Geography
- Location: 1100 Grampian Blvd, Williamsport, PA 17701, Loyalsock Township, Pennsylvania, U.S.

Organisation
- Type: Non-emergency

History
- Opened: 1951

Links
- Website: Website

= UPMC Williamsport Divine Providence Campus =

UPMC Williamsport Divine Providence Campus is a non-emergency hospital of UPMC that serves the greater Williamsport, Pennsylvania area. It is located on the border of Loyalsock Township and Williamsport.

==History==
In the early 1800s, Williamsport was just a small borough along the Susquehanna River. By the 1870s, it had become the lumber capital of the world. The population had grown dramatically, and with this growth came an increased incidence of sickness and injury. The sick were cared for in their homes by family members, and workers who were injured on the job were often treated in the boardinghouse rooms where they lived. Following several industrial accidents that occurred in the early 1870s, members of the Lycoming County Medical Society decided there was a need for a hospital where patients could be fed and cared for in a clean environment. In 1873, upon petition by members of the Lycoming County Medical Society and 23 leading citizens of the community, the Lycoming County Court granted a charter establishing the Williamsport Hospital.

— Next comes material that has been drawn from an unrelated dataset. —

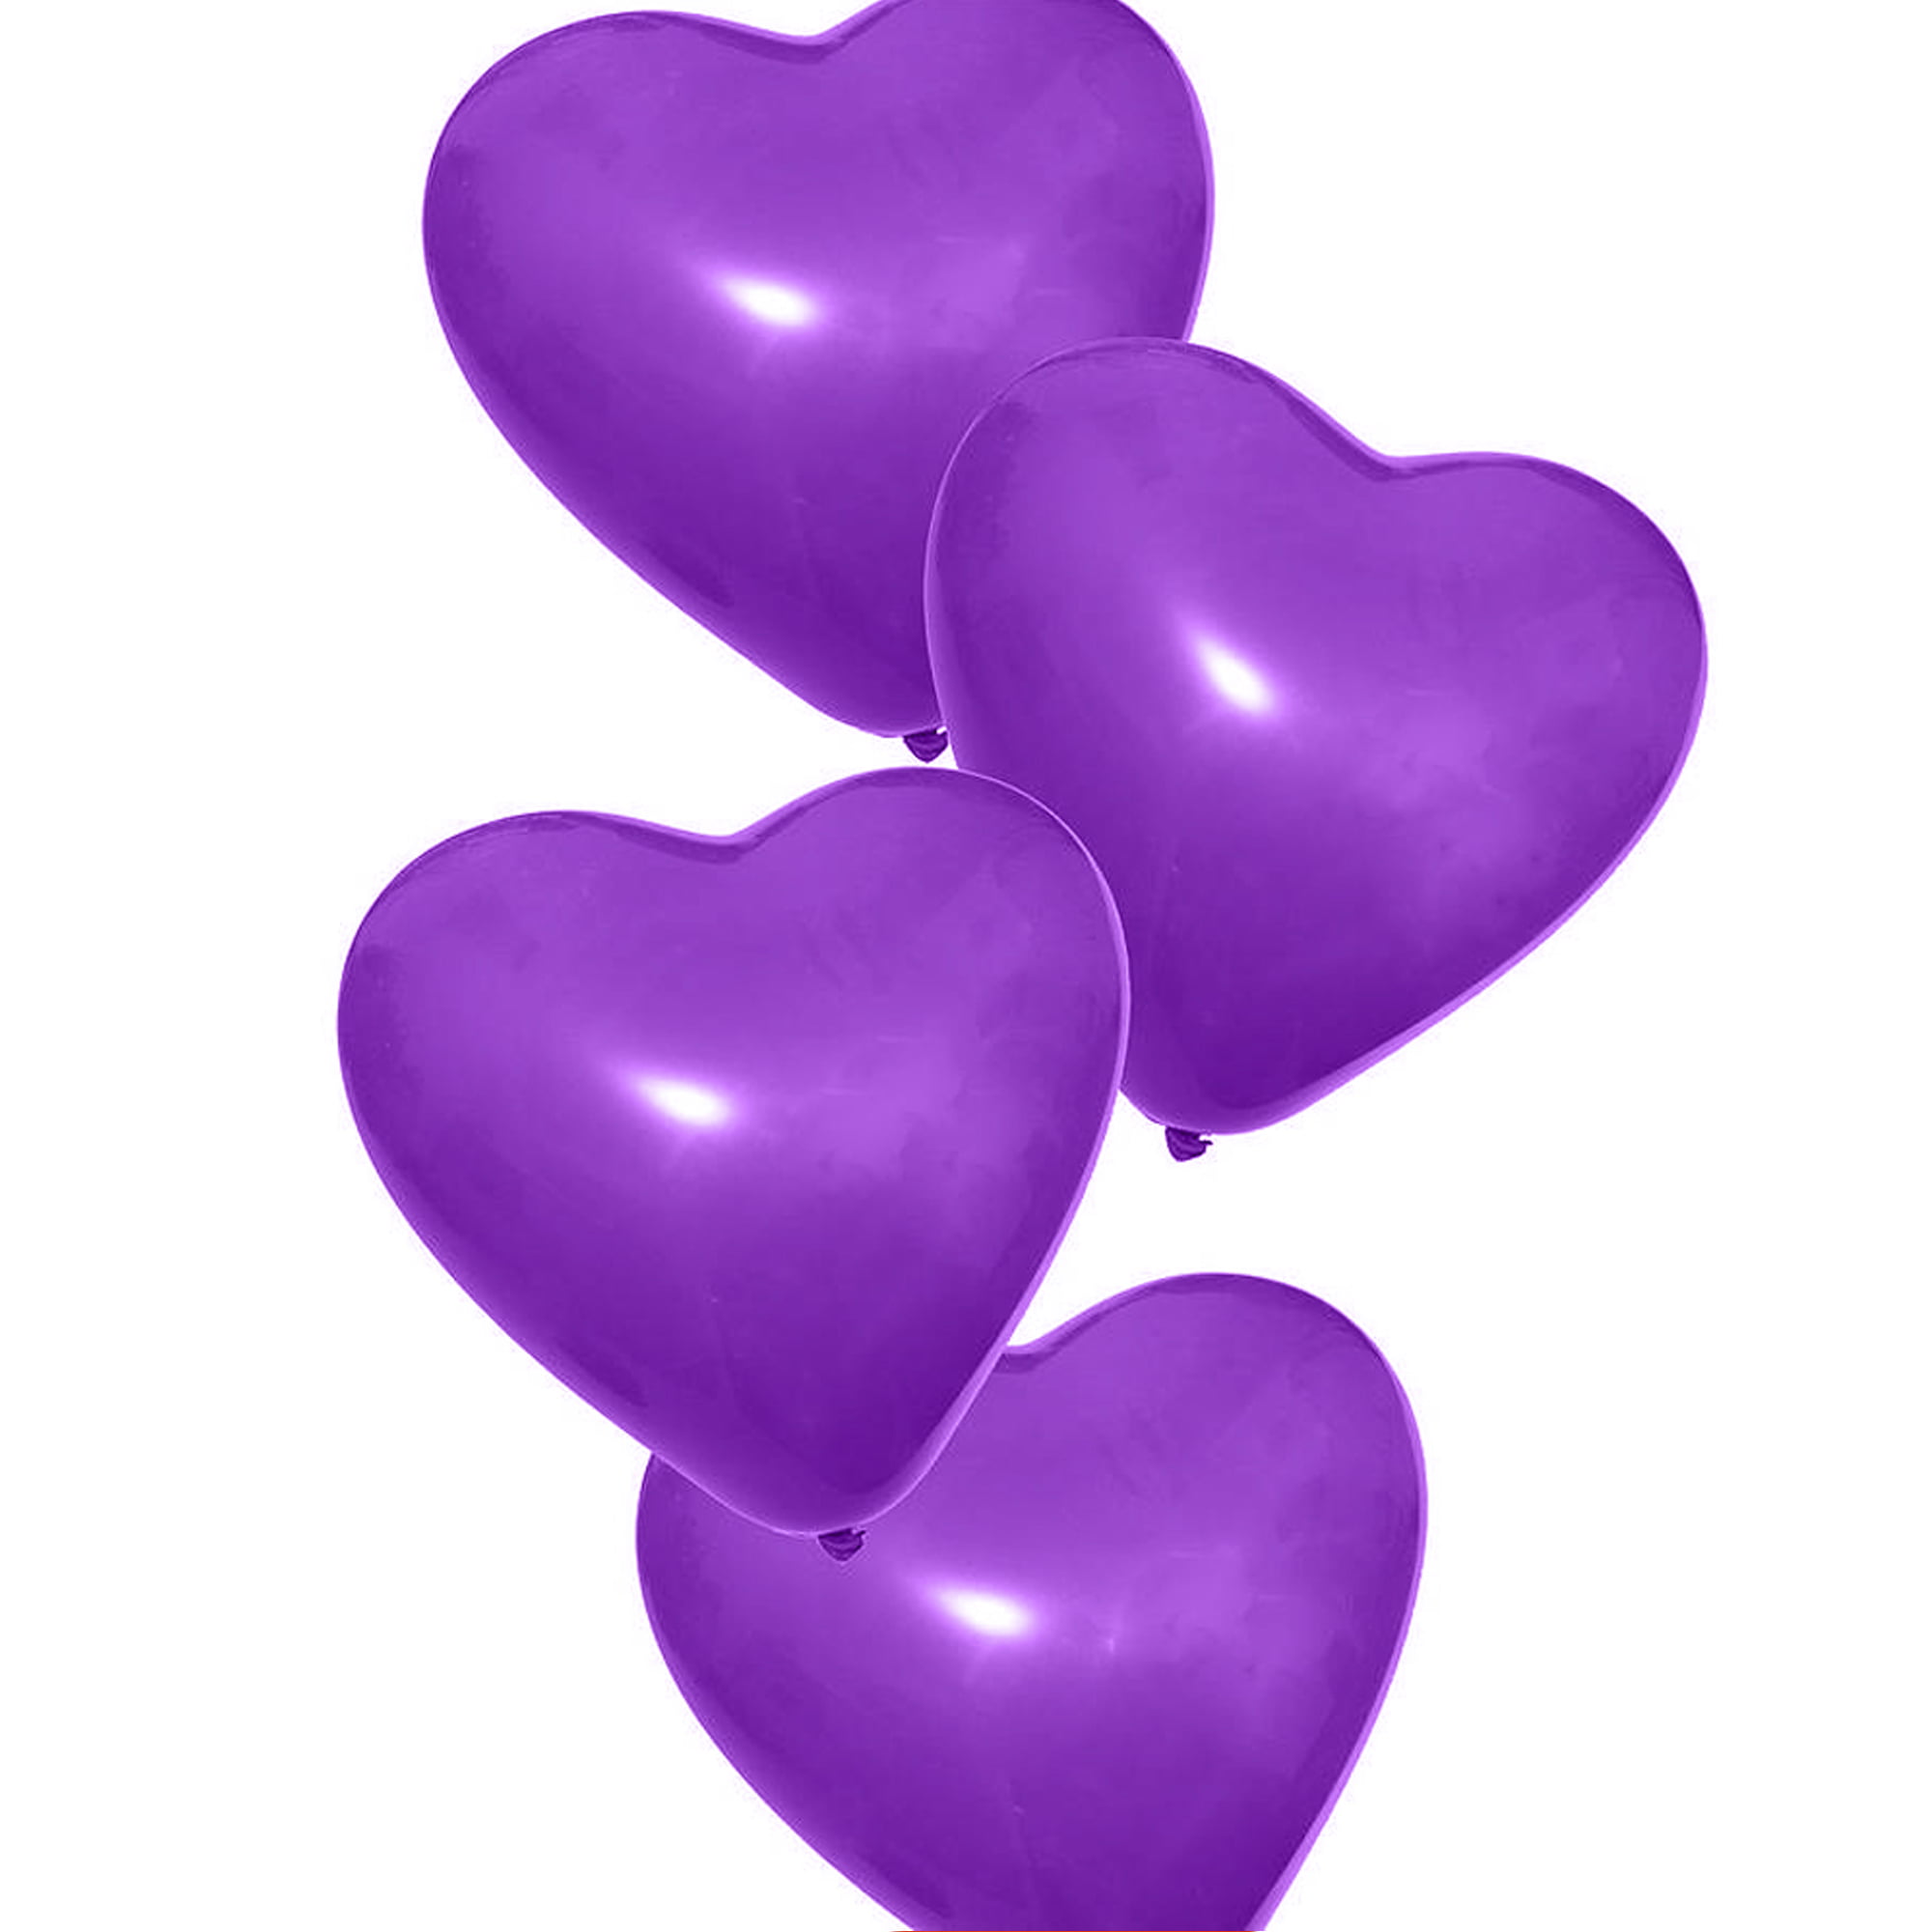 100 x Heart Balloons Birthday Party, Kids Party, Heart Shape Balloons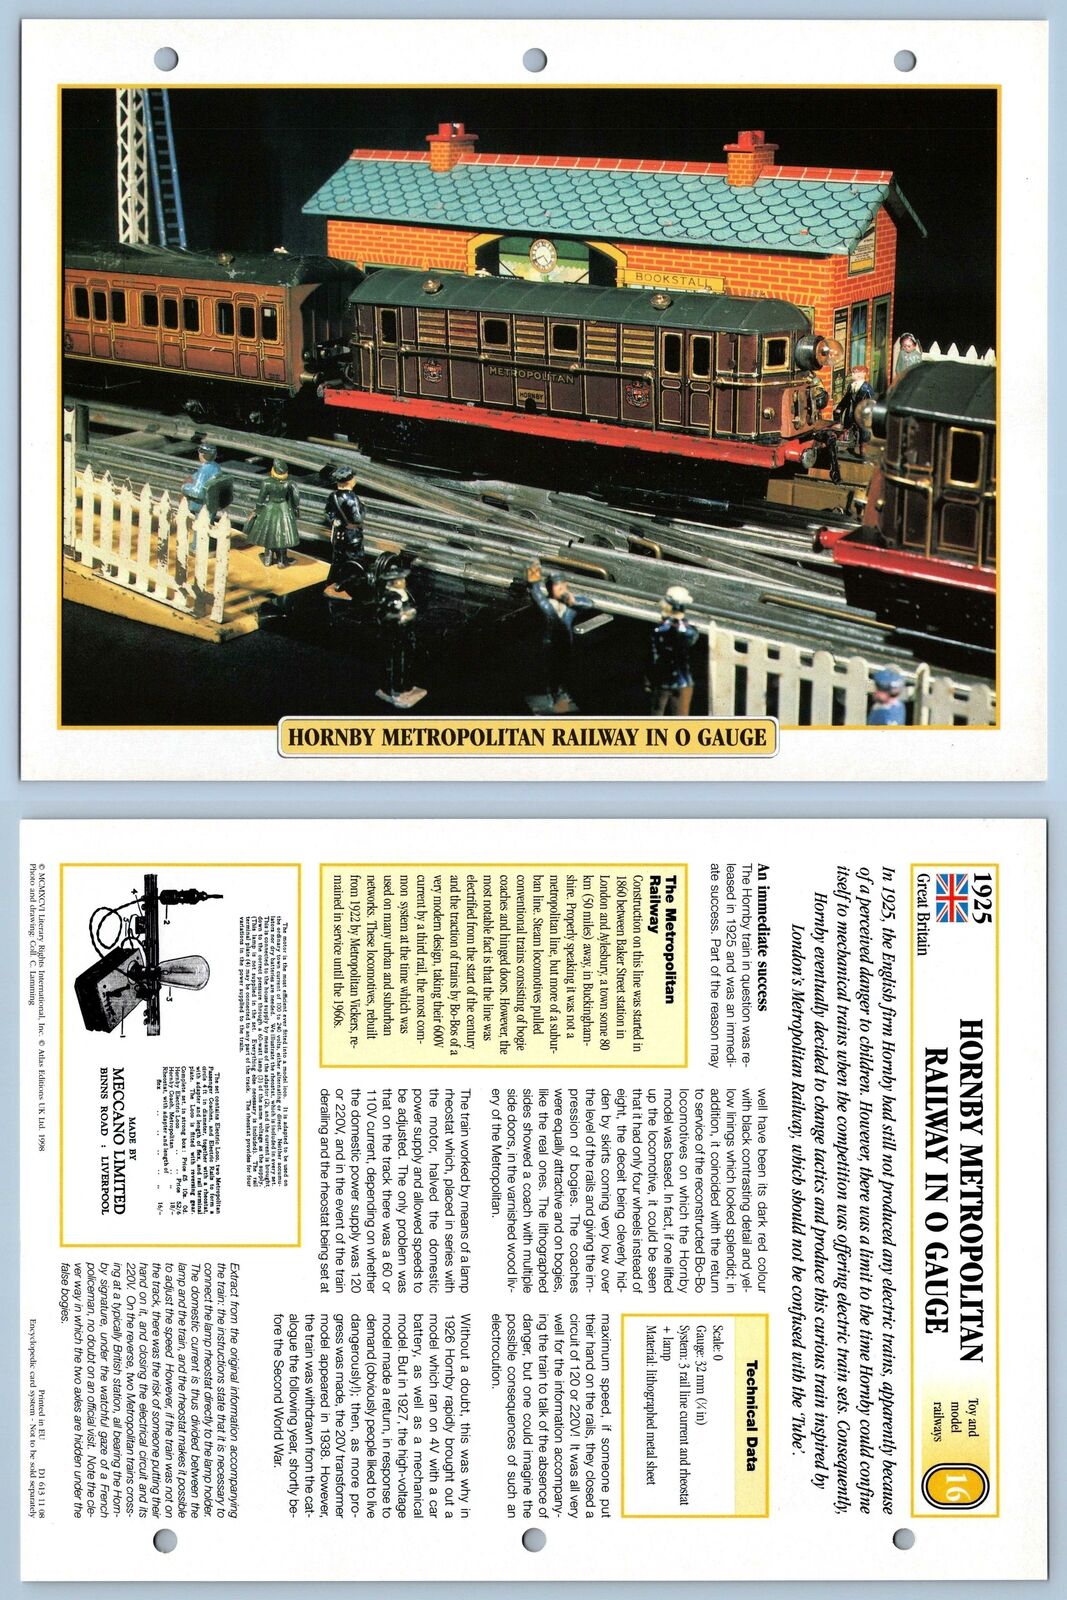 Hornby Met. Railway In O Gauge - Toy Railways - Legendary Trains Maxi Card

The first hospital in Williamsport opened its doors around April 1, 1878. In the coming hundred or so years, as the population of the area grew and fell, Divine Providence was founded and opened in 1951 as a full-scale emergency hospital and the main care facility in the county. The emergency department was dissolved in the 1990s.

Divine Providence Hospital was part of an alliance of three hospitals that formed Susquehanna Health in 1994. Divine Providence Hospital became of the UPMC network when Susquehanna Health was integrated into the University of Pittsburgh Medical Center (UPMC) on October 18, 2016.